Когда они с Антоном поженились, все было как в тумане.
И необходимость предохраняться вылетела из головы. Как сказала бы ее мать, сплошная безответственность.
Ева пошла к гинекологу. Рассказала проблему. Темноволосая полная женщина посмотрела на нее и задала вопрос: как давно у нее задержка? Ева пожала плечами. Врач посмотрела на нее, как на ископаемое животное.
— Вы замужем?
— Была замужем.
Врач что-то черкнула в карточке.
— Вы можете пройти тест на беременность.
— Когда?
— Прямо сейчас. Сто пятьдесят рублей.
— Я согласна.
— Сходите в туалет в эту баночку. Мочу принесите мне. Вне очереди. И сидите в коридоре. Я вас вызову.
— Хорошо.
Ева сделала все, как ей сказали. Через какое-то время ее вызвали.
Она вошла в кабинет с замиранием сердца.
— Вы беременны. Будете делать аборт? Или оставите ребенка?
Врач оторвалась от карты и посмотрела на нее.
— Я… не знаю.
— Подумайте, время еще есть. Но не тяните. Если будете делать аборт, приходите ко мне. Я дам направление на анализы. Вопросы есть?
Ева сидела ошеломленная.
— Н-нет.
— И учтите, — врач заглянула в карту, — вам двадцать девять лет?
— Да.
— Через год вы уже переходите в категорию позднородящих. Со всеми вытекающими отсюда последствиями. Так что думайте!
…Ева встала со стула и пошла к выходу.
Дома у нее все валилось из рук. Ребенок! Она никогда не думала о детях. И вдруг… Она должна сделать выбор. Оставить ребенка или нет? Как она будет его воспитывать одна? Сможет ли? Может, лучше сделать аборт? Так проще.
Она терзалась этими вопросами несколько дней. А потом решилась. Будь что будет.
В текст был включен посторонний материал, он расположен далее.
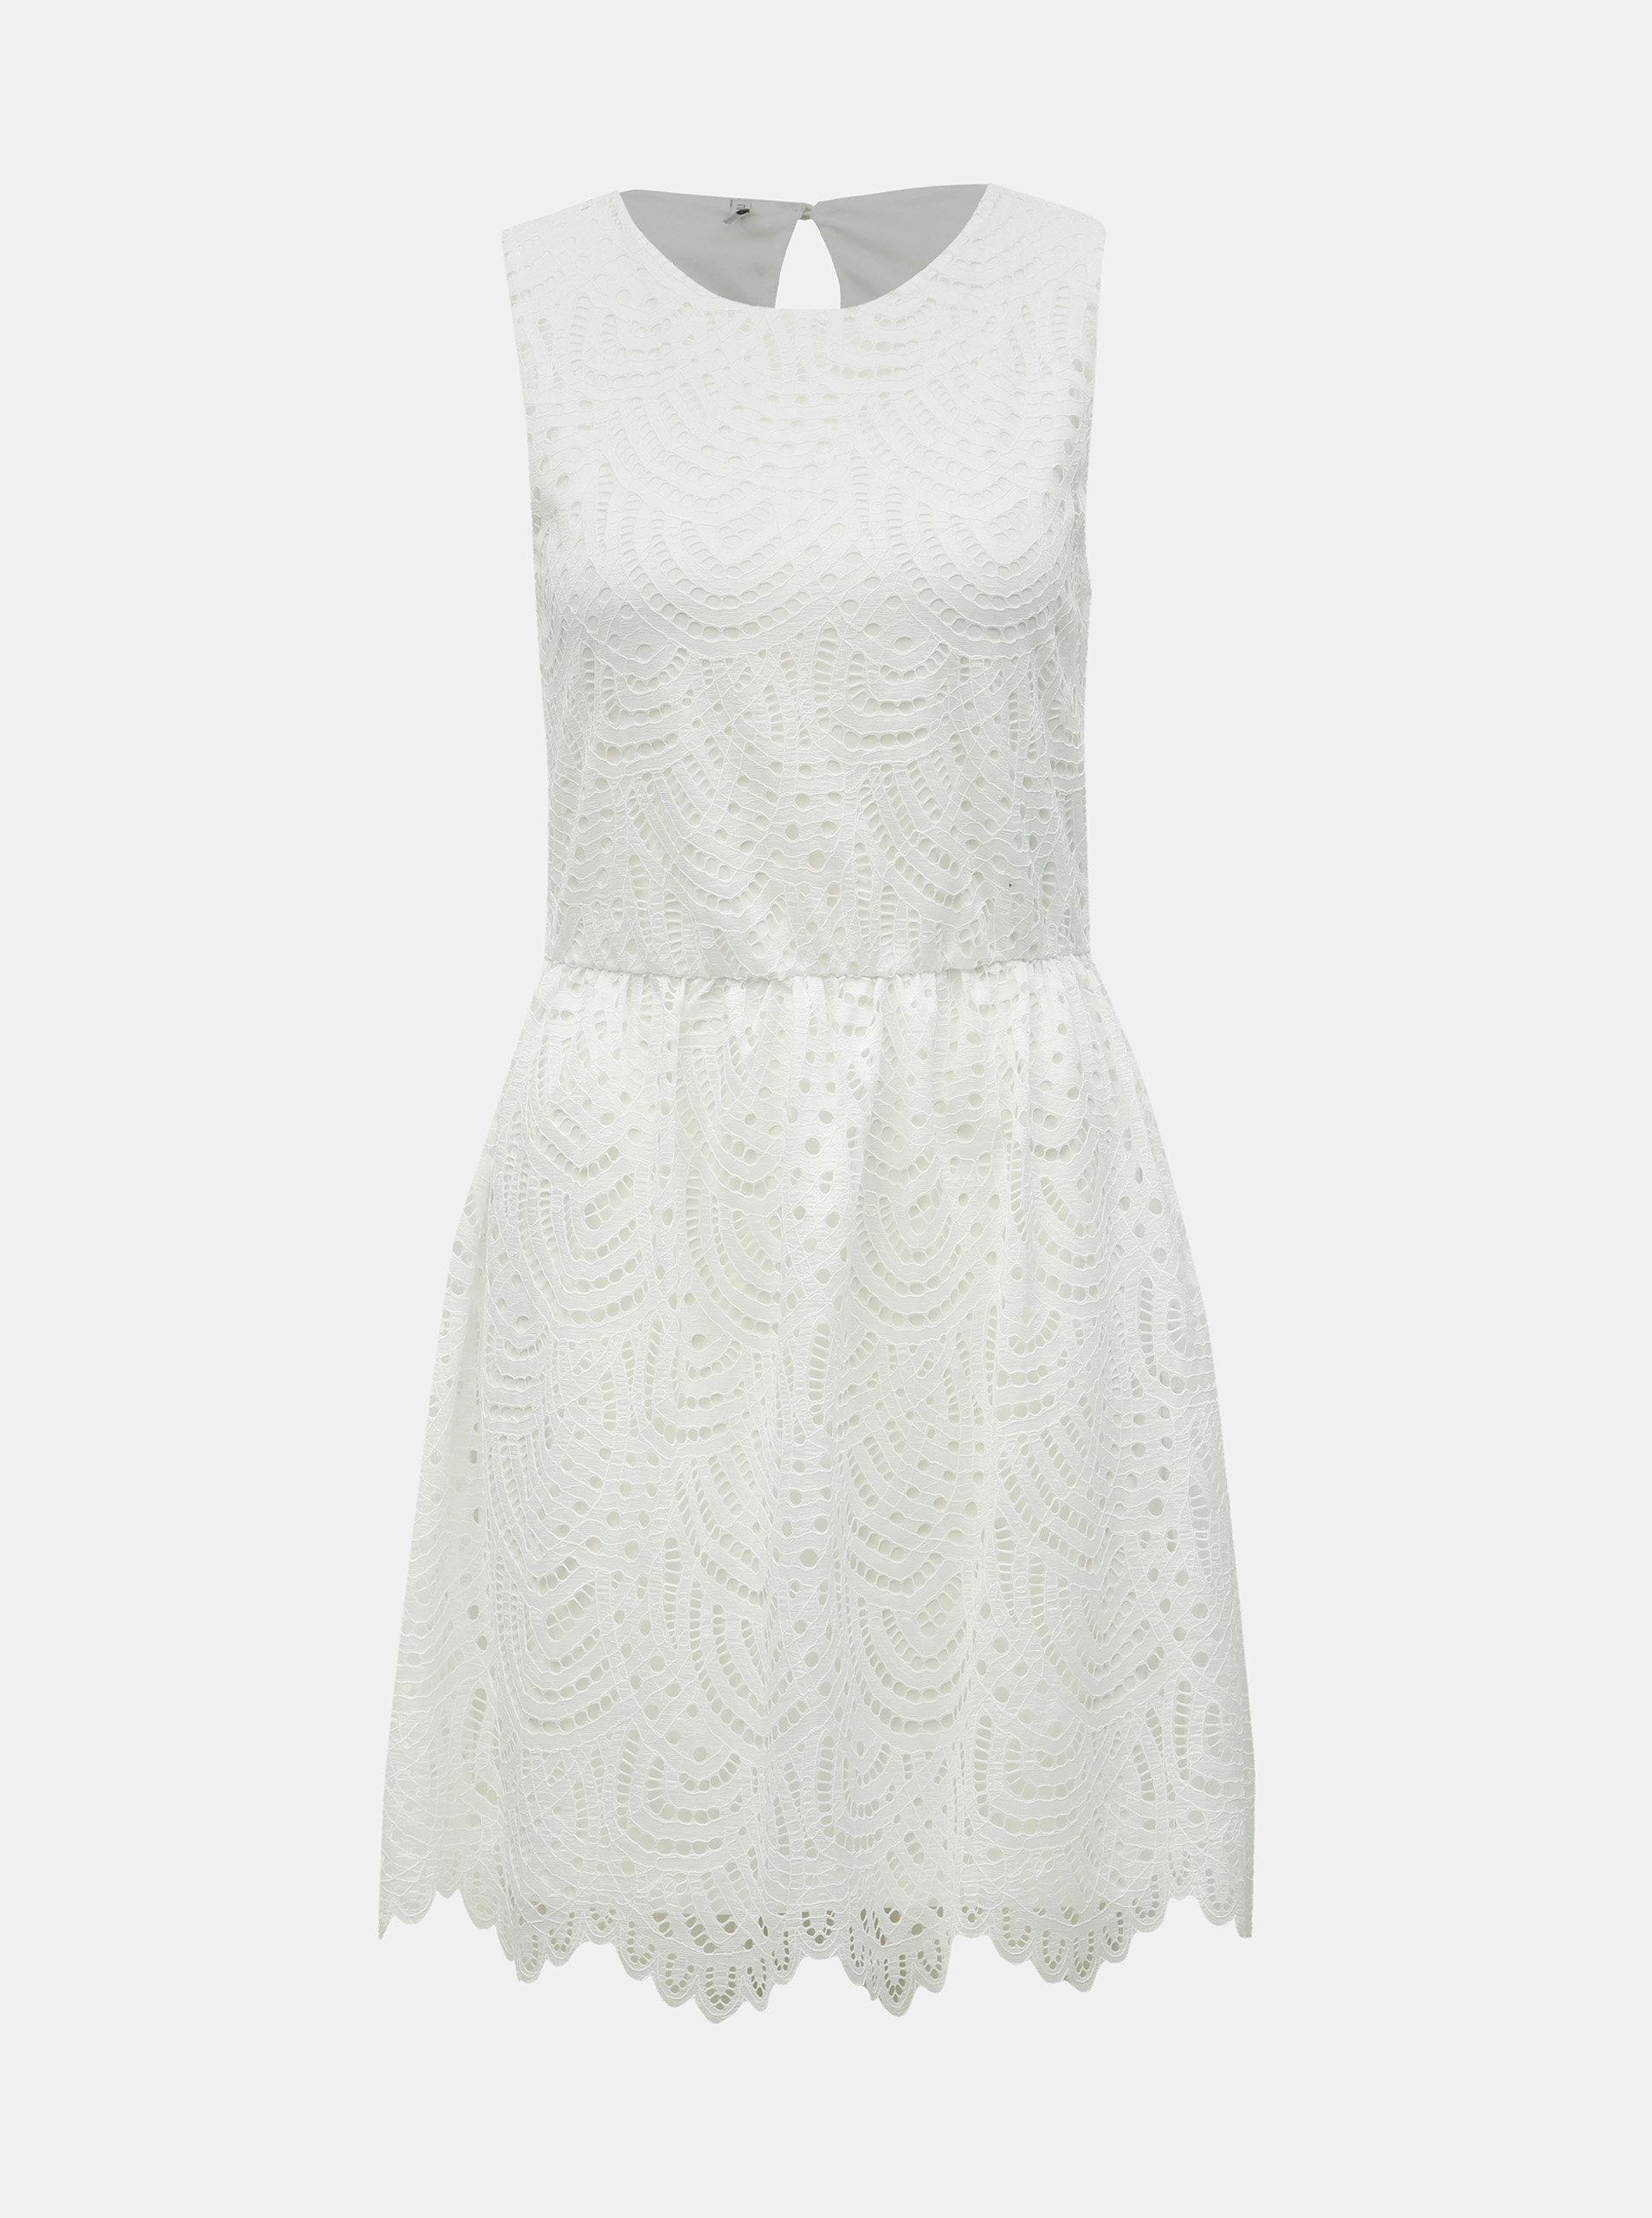 5c4211db1817 Biele čipkované šaty ONLY Edith ...

Может, это ее последний шанс.
Как только Ева приняла решение, ей стало легче. Как будто бы с плеч свалилась тяжесть. Даже настроение поднялось. Теперь у нее наступит совсем другая жизнь. И она навсегда забудет прошлое. Тут же ее кольнуло: ведь это ребенок Антона. Вдруг он будет похожим на него? И, глядя на ребенка, она всегда будет вспоминать эту страницу своей жизни? Может быть, лучше обрубить все разом и не париться?
Она села на полу и обхватила себя руками. Ее знобило. Что делать? И посоветоваться не с кем. Это решение она должна принять сама.
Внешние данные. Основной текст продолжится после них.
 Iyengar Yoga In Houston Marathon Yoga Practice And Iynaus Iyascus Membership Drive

И здесь из глубины памяти неожиданно всплыли слова Евангелины Христофоровны: «У тебя будет девочка! И ты назовешь ее Евой!»
«Значит, девочка! Ура! Всякие рюшечки и бантики. Что-то нежное и розовое. Родное до слез. Всякие сюси-пуси. Кокетливые кудряшки и куклы, разбросанные на полу. Нет, свою девочку я никому не отдам. Я рожаю! И точка! Никаких колебаний! А если кто-то будет меня учить или давать советы, пошлю куда подальше. Не раздумывая».
Ева встала с пола. Пошла в ванную и сполоснула лицо холодной водой. Она не должна особо расстраиваться, нервничать и переживать. Это вредно для маленькой Евочки.
Ева расстегнула халат и посмотрела на свой живот. Никаких признаков беременности пока не было видно. Маленький срок. Но ведь она уже есть! Существует! Ева погладила себя по животу. Интересно, она меня слышит?
— Ева! Евочка!
Еве показалось, что внутри ее что-то откликнулось, шевельнулось. Нужно сходить к врачу и сказать, что она оставляет ребенка. Кроме этого, накупить разных книжек и узнать, как себя веста, чем питаться.
На следующий день Ева вернулась из книжного магазина с кипой книг. «Советы будущим мамам», «Дорога к материнству», «Вы и ваш ребенок».
Она села на диван и стала просматривать их.
Она узнала, что ей нужно полностью пересмотреть свое питание. Отказаться от всех полуфабрикатов и еды на скорую руку. Фастфуд ребенку вреден. Жареные котлеты и картошка, плавленый сыра и копченая колбаса — с этим покончено. Салаты, винегреты, соки. Молоко и творог — вот что должно теперь быть на ее столе. И каши, каши, каши…
Нужно больше спать, лежать и отдыхать. И, само собой, никаких волнений. Даже если весь мир провалится к чертям, ей следует сохранять олимпийское спокойствие. Для себя и для Евы-маленькой.